EXERCISE PROMPT> From the records that follow, return exactly the lines beginning at the one that contains "Essentials of Good" and ending at the one that contains "Michael Stipe's quote #3", pictures left out.

EXTRACTED ENTRIES>
= Beginning of Section =
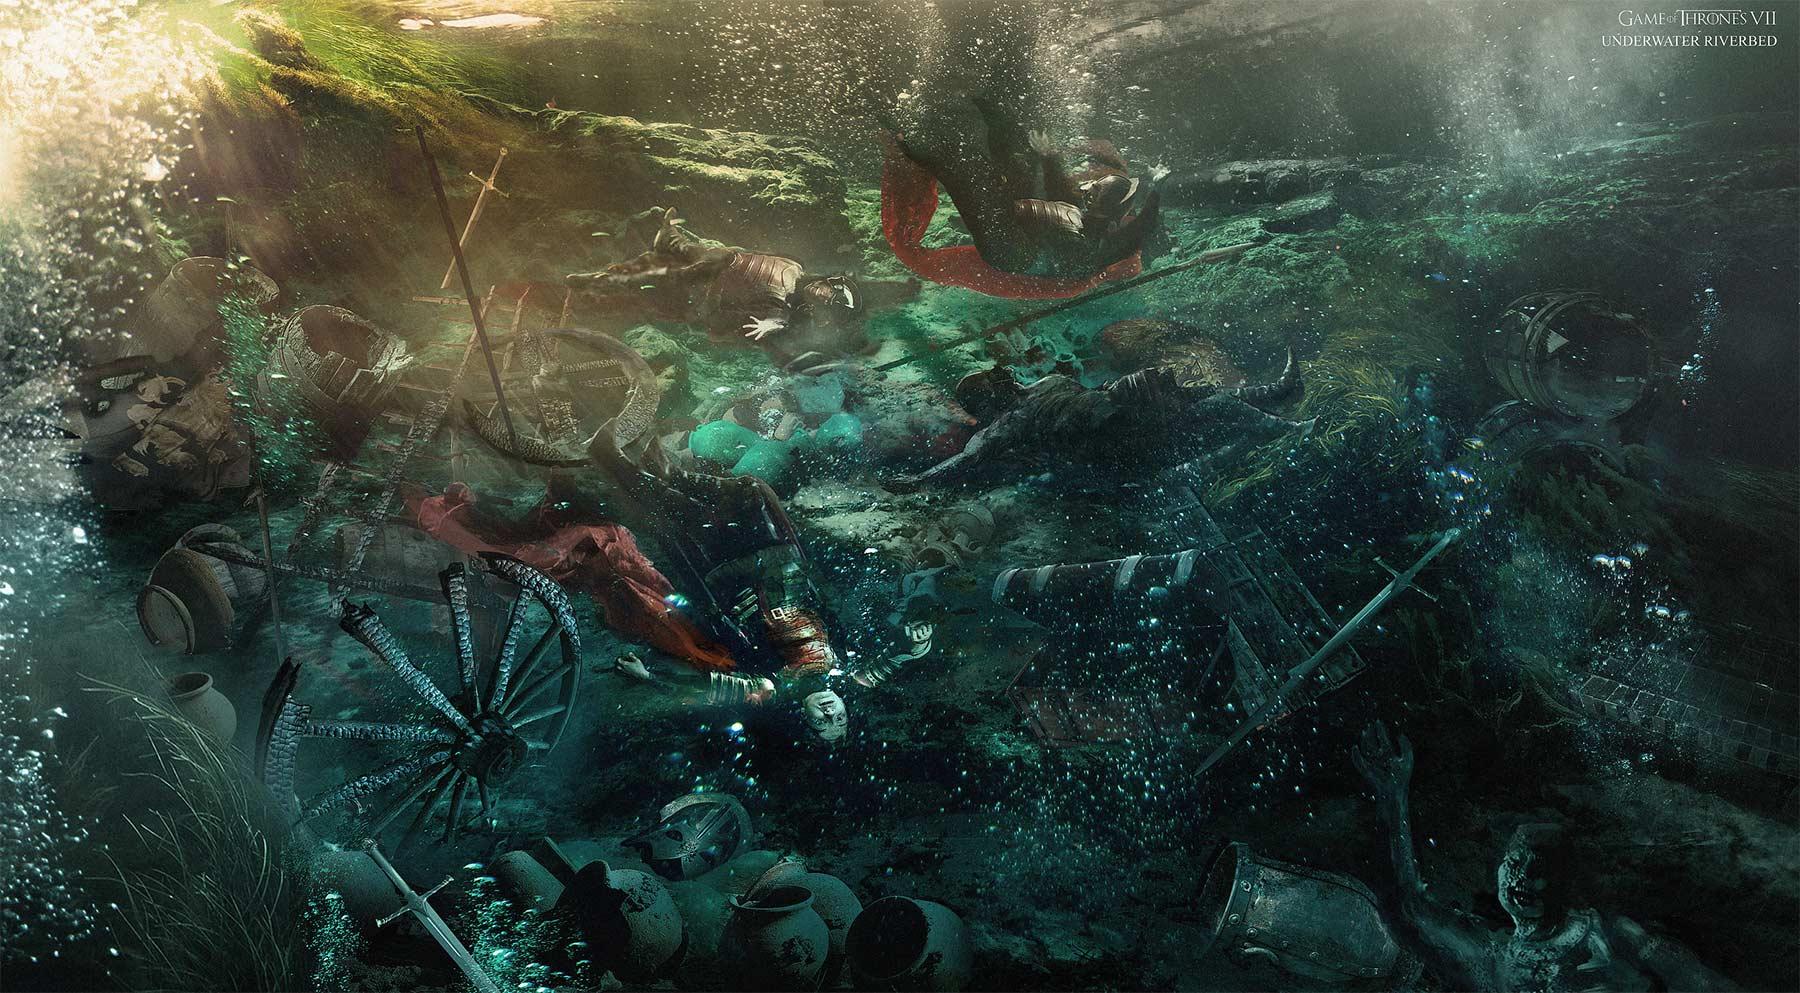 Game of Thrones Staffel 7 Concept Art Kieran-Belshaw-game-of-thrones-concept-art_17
= End of Section =
= Beginning of Section =
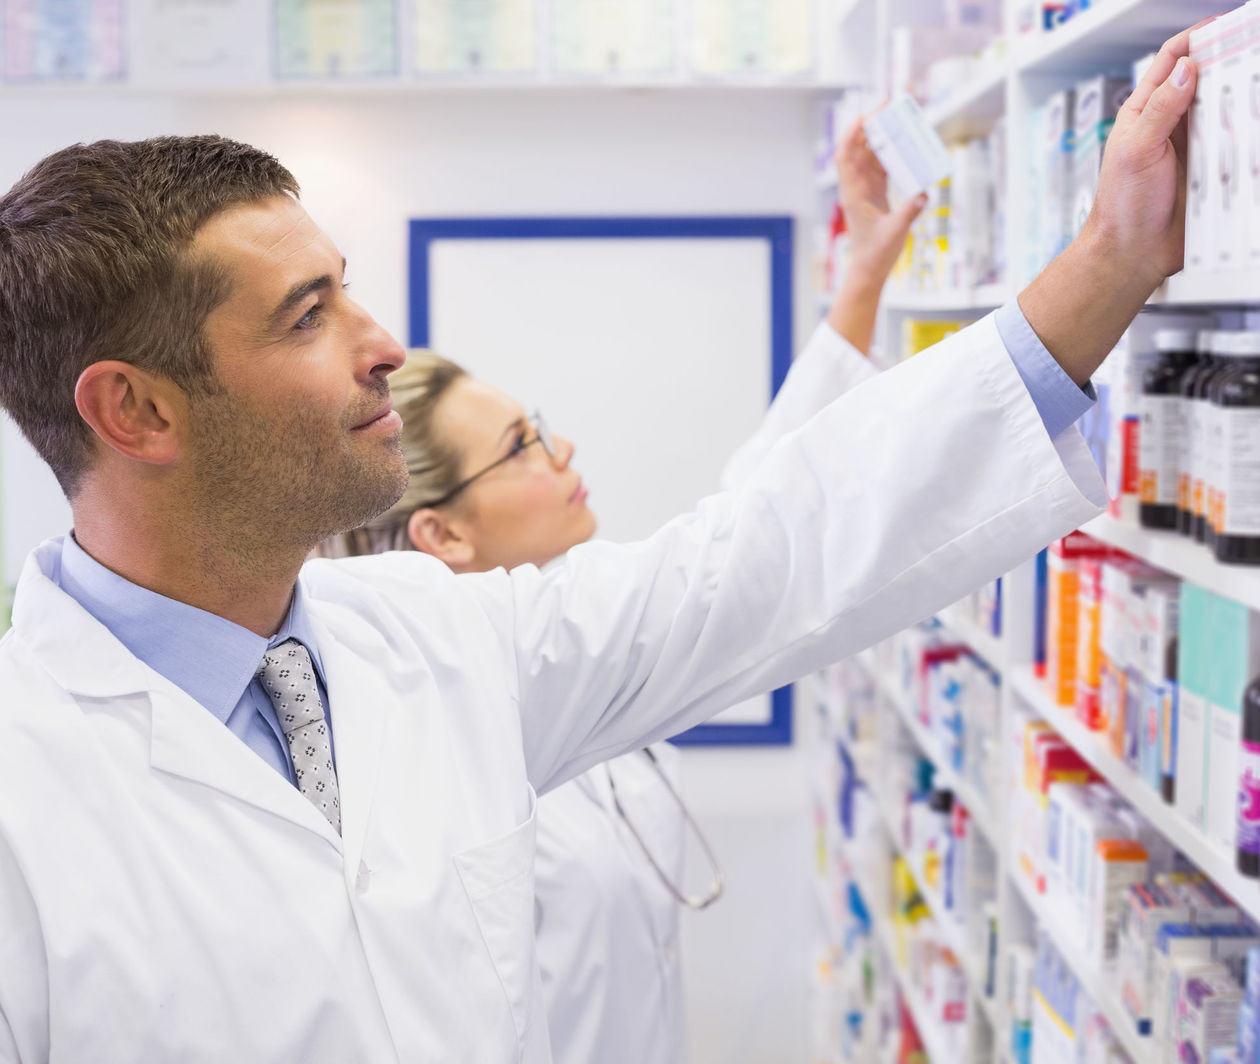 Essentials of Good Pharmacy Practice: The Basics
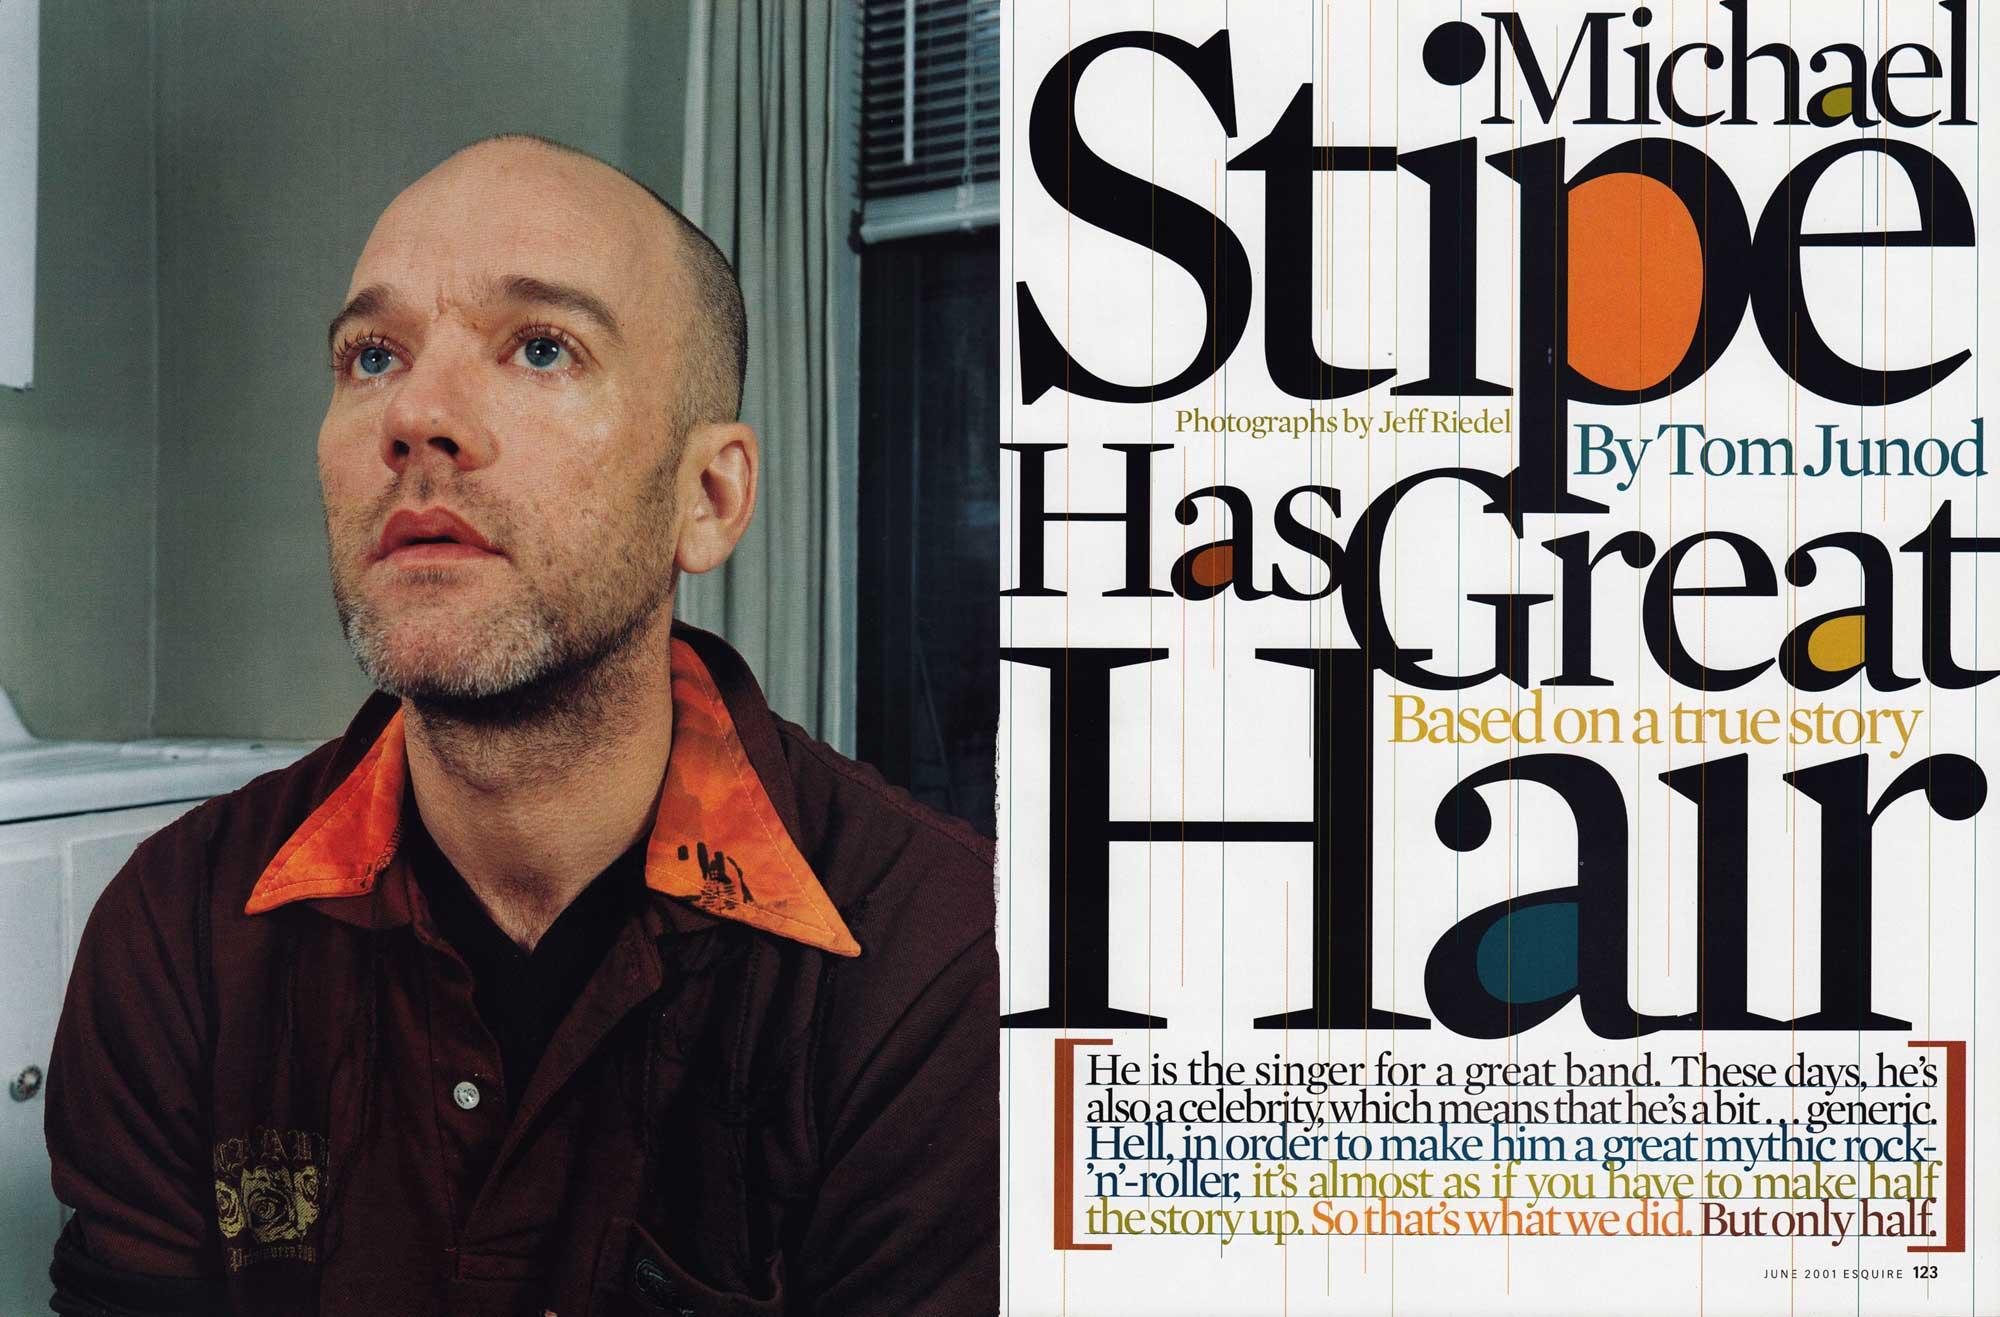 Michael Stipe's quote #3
= End of Section =
= Beginning of Section =
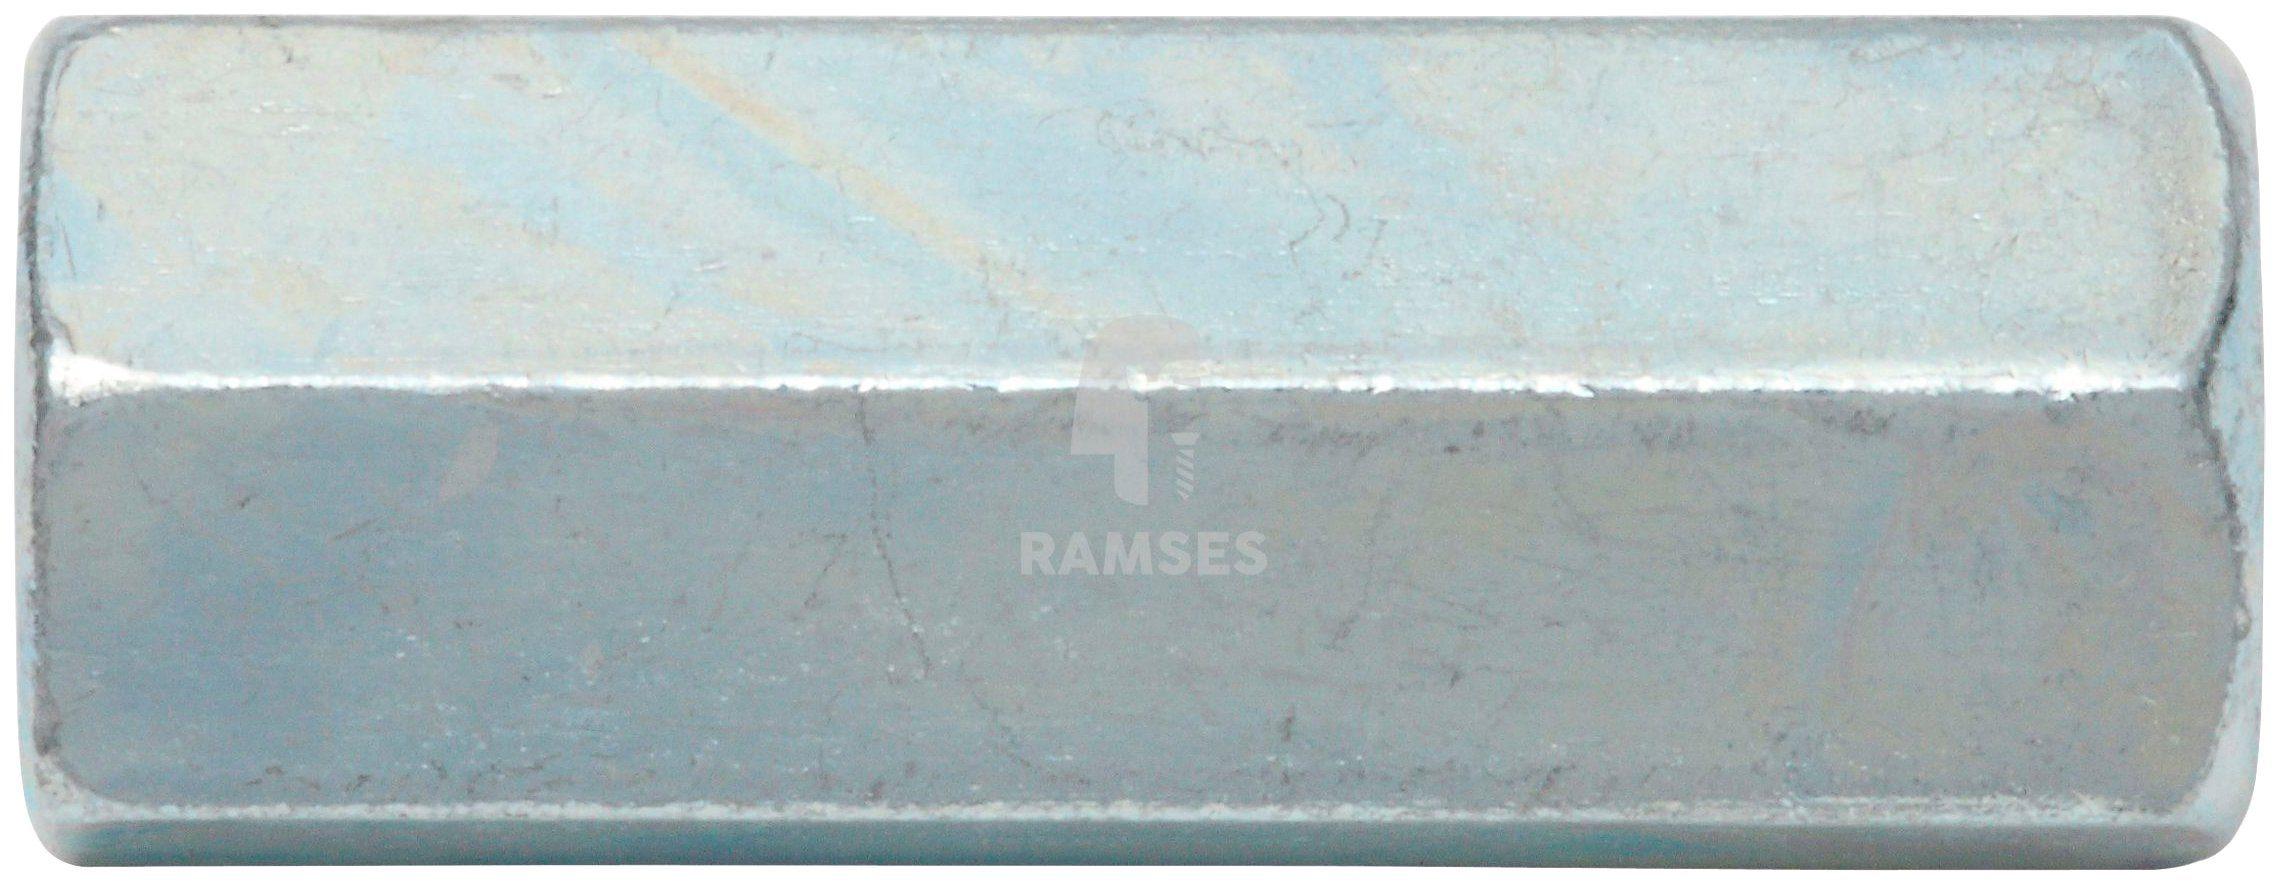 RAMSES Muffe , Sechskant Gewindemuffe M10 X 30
= End of Section =
ANSWER FOR THE TASK>
 Essentials of Good Pharmacy Practice: The Basics
 Michael Stipe's quote #3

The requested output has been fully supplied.